自分よりも立場が弱い人のことを敬えなければ、立場の強い人だって敬えないのではないだろうか。相手を敬う気持ちを持たないということは、相手の気持ちを思いやることができないということなのではないかと思う。そしてそのことは、相手に自分の言いたい事を理解してもらう最善の方法を思いつくことができないことにつながり、結局上で挙げた例のような感情的な表現になってしまうのではないだろうか。そして感情的な表現をぶつけられた相手が気持ちよくそれを受け入れる訳もなく、ますます言いたい事が伝わらない、そんな悪循環が生まれてしまうのではないだろうか。
そんな風に考えながら自分自身の言動を振り返ると、必ずしも昨日の母親や記事の少女を批難してばかりもいられないような気がしてきた。彼女らのような言葉遣いを日常的にするようなことこそないものの、時には全ての人に敬意を持って接するべきであることを忘れ、感情を抑えきれずに言いたいことを言ってしまうようなことがあるのだ。そして、そんな風に感情を爆発させた結果として、自分の言いたいことが相手に正しく理解されたことは、おそらくほとんどないと言っていいだろう。自分が発する言葉を、もっと大切にしたい、そんな風に改めて感じる。

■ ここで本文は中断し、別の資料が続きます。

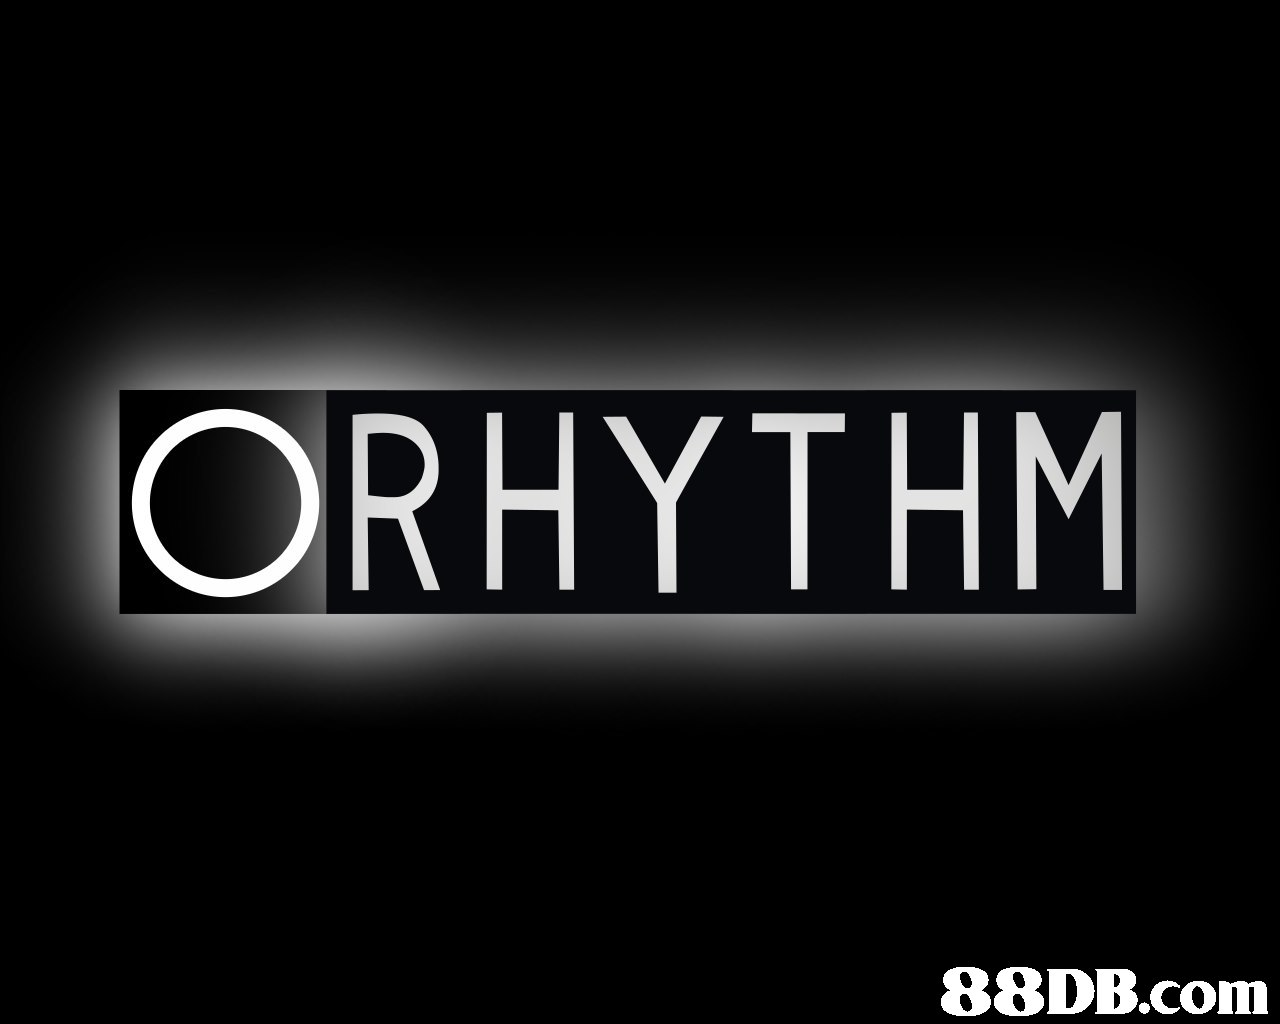 ORHYTHM,text,font,logo,product,brand

こういった人々の言動がきっかけで、自分自身の行いを振り返ることができた僕は幸運だと思う。彼らは、こんな風に自身の言動について思いを巡らすことがあるのだろうか。そして、僕のような幸運な大人たちは、いったい何をすればよいのだろうか。

コメント (1)
dean (2007年6月 7日 (木) 16:49):
大人にため口をきく子供たちと、高校時代のダチとしゃべるように
子供に口をきく親(たいてい母親)。
最近、ファミレスに入るのも憚られるのは、こういったやりとり
があまりにも目に余るから。
でも、それに対して我々はどうしても部外者になりがち。
どうしたらいいんでしょうね。
子供は家庭のものであり、しつけも家庭内で行うという考え方が
中心のラテン系民族は、しつけの悪い母親をしっかり怒るという
話を聞いたことがあります。
それに対して、ゲルマン民族は子供は社会のものだと考える傾向
があり、しつけは、親でなくても社会がしっかり行う。
私が子供のころ、公園で鳩を追い回していたときや、お年寄り
がいるのにバスに座っていたときに、見ず知らずの人たちから
こっぴどくしかられた覚えがありますが、そういう事例はすべて
イギリス在住のときでした。
難しい問題ですが、日本ではどっちでもないので、考える必要がありますよね。